Kita tak menemukan ekspresi bermakna "sastrawi" dari puisi berjudul "Aku Ingin" karya Sapardi Djoko Damono di sana, selain kalimat datar-hambar yang meluncur dari mulut manis Bella Saphira. Pada konteks itu, karya sastra akhirnya mengalami "perusakan" karena adanya penafsiran yang kurang tepat.
Di lain kesempatan, seorang netter asal Bandung mengirimkan e-mail kepada rekannya yang ada di Bandar Lampung. Katanya, "Kamu sudah membaca Supernova apa belum? Wuih..., seru lho!" Yang dimaksud si netter asal Bandung itu, tentu saja adalah novel Supernova karya Dewi Lestari alias Dee yang pernah menggemparkan itu.
Dua kisah di atas menggambarkan bahwa karya sastra mengalami sosialisasi sedemikian rupa. Penikmat karya sastra bukan saja kalangan pencinta sastra yang dulu jumlahnya sangat terbatas, tetapi juga pelaku industri sinetron televisi dan para ABG (anak baru gede).
Cerita-cerita tentang pemanfaatan karya oleh sastra masyarakat sudah sangat sering kita dengar dan kita saksikan. Misalnya, maraknya pembacaan puisi penyair-penyair terkenal oleh "para wanita agung" dan para selebriti atau munculnya tren kartu undangan pernikahan yang membubuhkan penggalan bait puisi Sapardi Djoko Damono dan Rendra. Juga, meluasnya penggunaaan kata-kata yang diambil dari puisi Wiji Thukul; "hanya ada satu kata: lawan!" dan "rakyat bersatu tak bisa dikalahkan!" di pelbagai aksi unjuk rasa.

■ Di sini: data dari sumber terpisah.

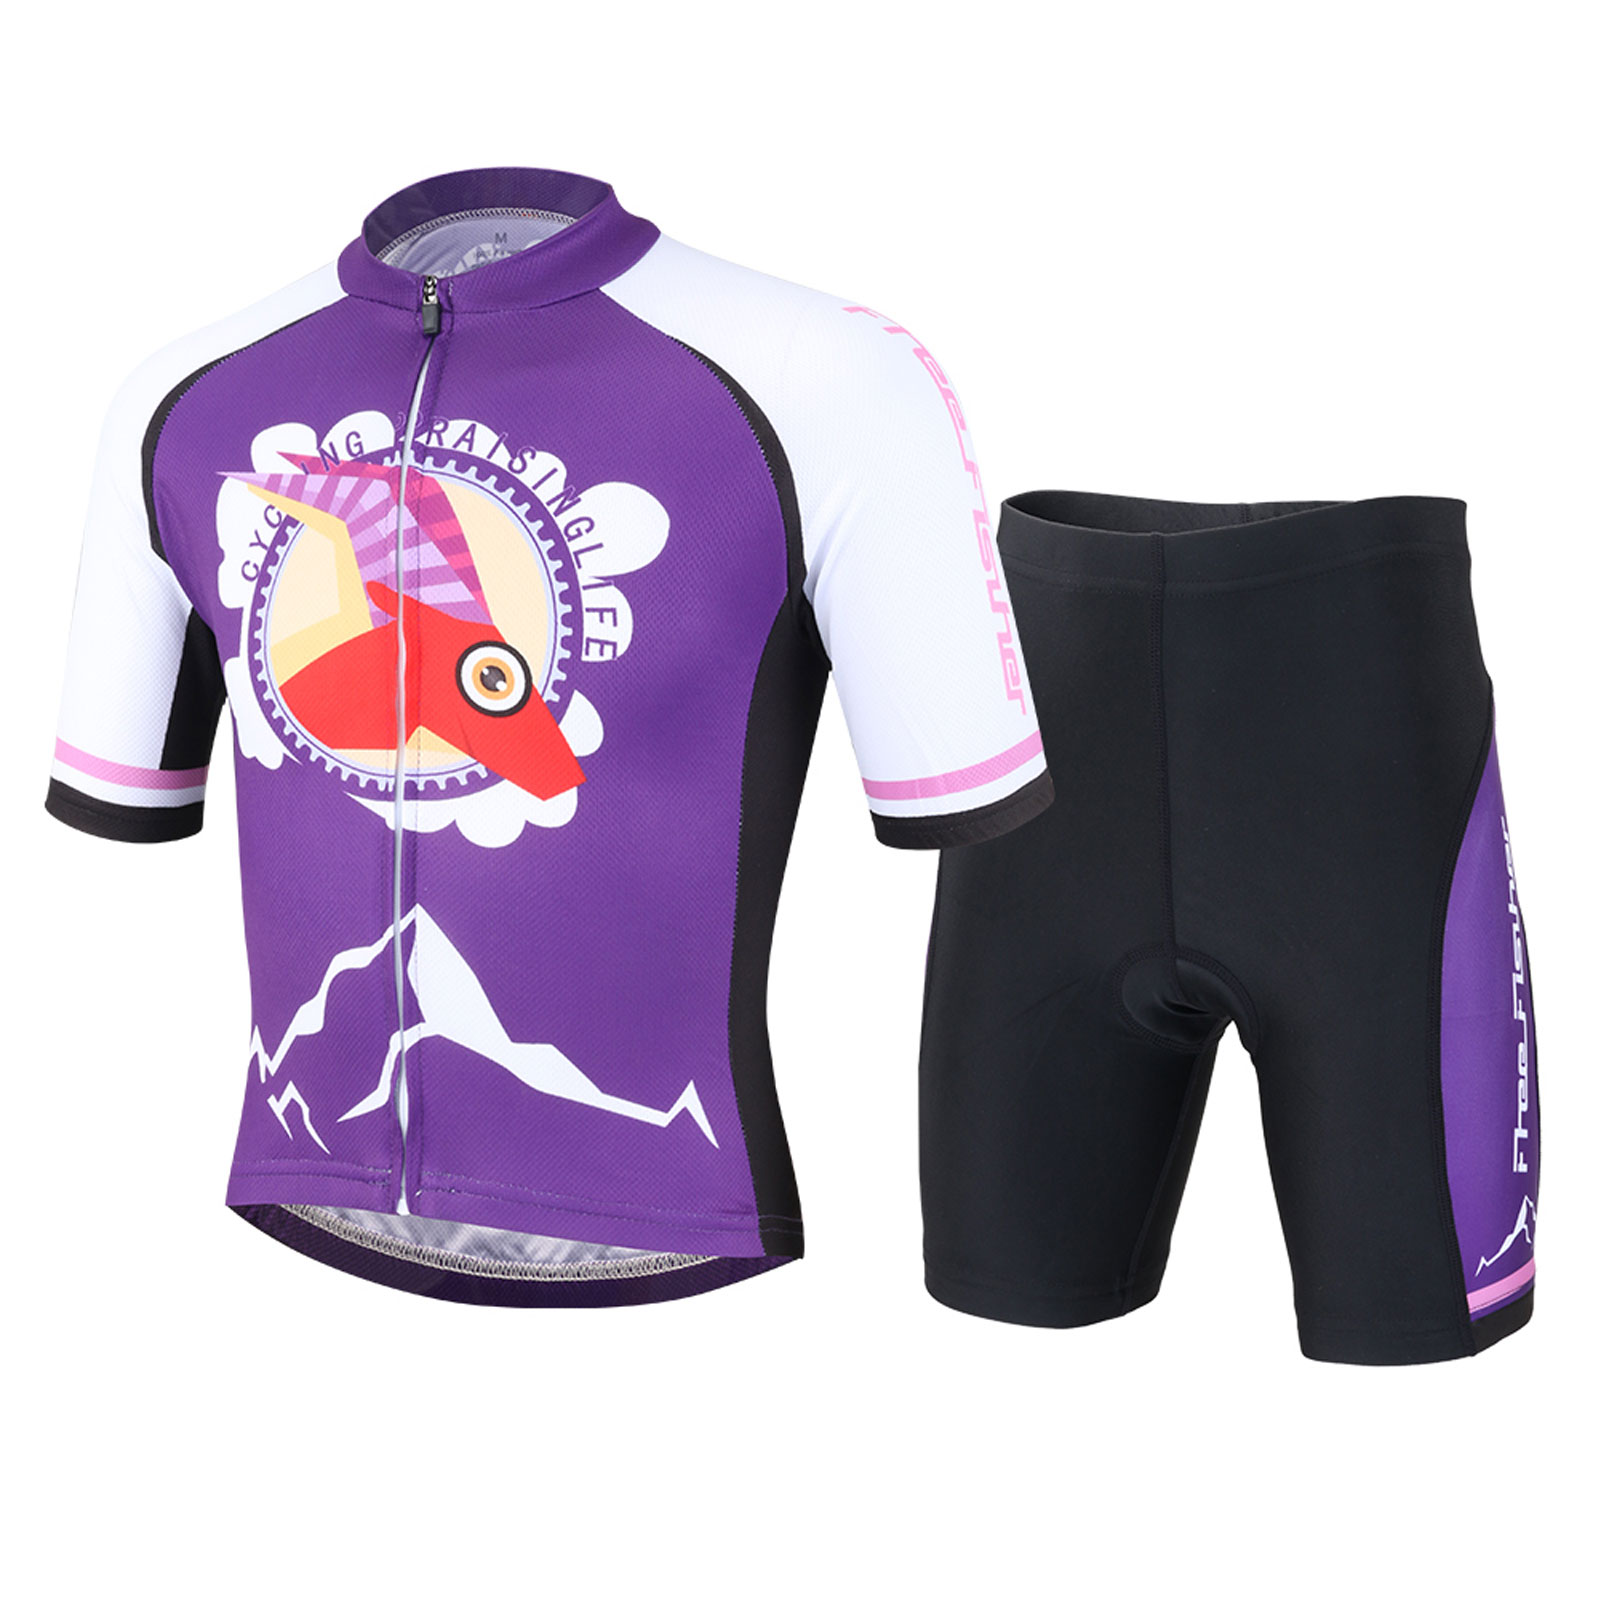 FREE FISHER Girls Cycling Jersey Short Sleeve Full Zipper Quick-Dry Breathable Mesh Boys Bicycle Tops+Padded Shorts Purple Antelope

Setelah beberapa tahun pernah muncul musim "wanita agung baca puisi" (maksudnya wanita dari kalangan pejabat) pada paro 1990-an, memasuki abad ke-21 muncullah istilah "sastra wangi". "Sastra wangi" merujuk pada karya sastra yang diciptakan kaum perempuan, yang memang menemukan kebangkitannya dengan munculnya Ayu Utami (pencipta novel Saman, Larung), Djenar Mahesa Ayu, Nukila Amal, Fira Basuki, Dewi Lestari, Dinar Rahayu, Rieke Dyah Pitaloka, dll.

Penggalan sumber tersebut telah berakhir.